Daniil Medvedev – Montecarlo 2019 (foto Roberto Dell’Olivo)

Primo set in “dacia” e Tsitsipas alla toilette a meditare, oltre a fare altro. La sosta forse rinfranca il greco, ma di certo rammollisce le gambe di Medvedev. Il dritto del russo diventa bersaglio facile non tanto per gli attacchi dell’avversario, più incisivi, ma anche per trovarvi salvezza nei momenti di difficoltà. Medvedev fatica a chiudere gli scambi da quel lato e di questo Tsitsipas sembra accorgersene, aumentando il tasso di pazienza e diminuendo quello degli errori. Tsitsipas dal suo canto continua ad alternare il serve & volley nei propri turni di servizio, si rilassa ed inizia anche a “federereggiare” (splendida la finta di palla corta e vincente col dritto in chop nel quinto game).
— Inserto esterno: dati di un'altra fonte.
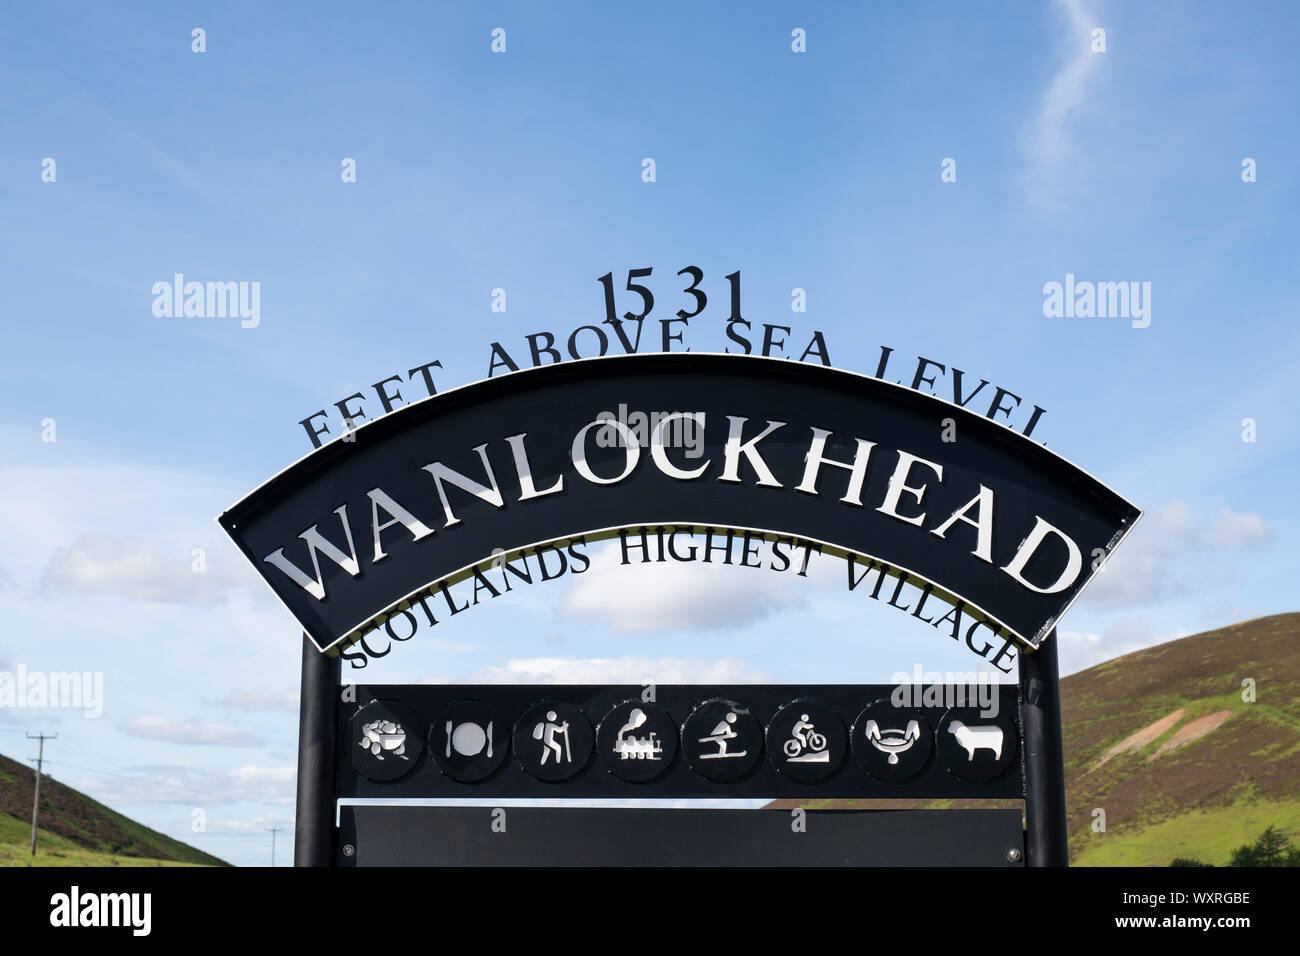 Wanlockhead village sign, Scotlands highest village. Dumfries and Galloway, Scottish borders, Scotland Stock Photo

Complice il calo di resa della prima dell’avversario è subito 5 a 0. La partita invero non infiamma il pubblico, in cerca di maggior agone e quasi più interessato alle esultanze (alternate ai silenzi, ahinoi..) provenienti dal Parc des Princes dove gioca Cecchinato. Secondo set ad Atene e ride persino Sparta. Visto che porta bene i due vanno entrambi alla toilette prima del terzo set, ma la scaramanzia pare portare fortuna al solo Tsitsipas. Sull’1-pari, punto del match e break, con Tsitsipas che difende, difende, difende e poi libera un lungo linea di rovescio che riappacifica con il suo discutibile taglio di capelli. L’accresciuta solidità di Tsitsipas spinge Medvedeve a cercare nel suo repertorio colpi e strategie impolverate, ma sarà proprio il greco a venirgli in soccorso con uno sciagurato quarto game, in cui si consegna al russo con due serve & volley a 142 e 154 km all’ora ed uno smash fuori di un metro.

La partita prende una piega psicologica. La palla di Tsitsipas viaggia di più, i vincenti di Medvedev sono cosa rara eppure il greco non riesce a staccarsi dall’avversario. E quando Tsitsi arriva al game di servizio per restare nel match, il sole del Principato lo scioglie: con uno smash non impossibile in corridoio consegna tre match point al russo, al quale basta aspettare il doppio fallo da destra per andare a 4 a 0 nei precedenti con il greco. Medvedev che passa e sottolinea come i match contro Tsitsipas siano sempre stati combattuti.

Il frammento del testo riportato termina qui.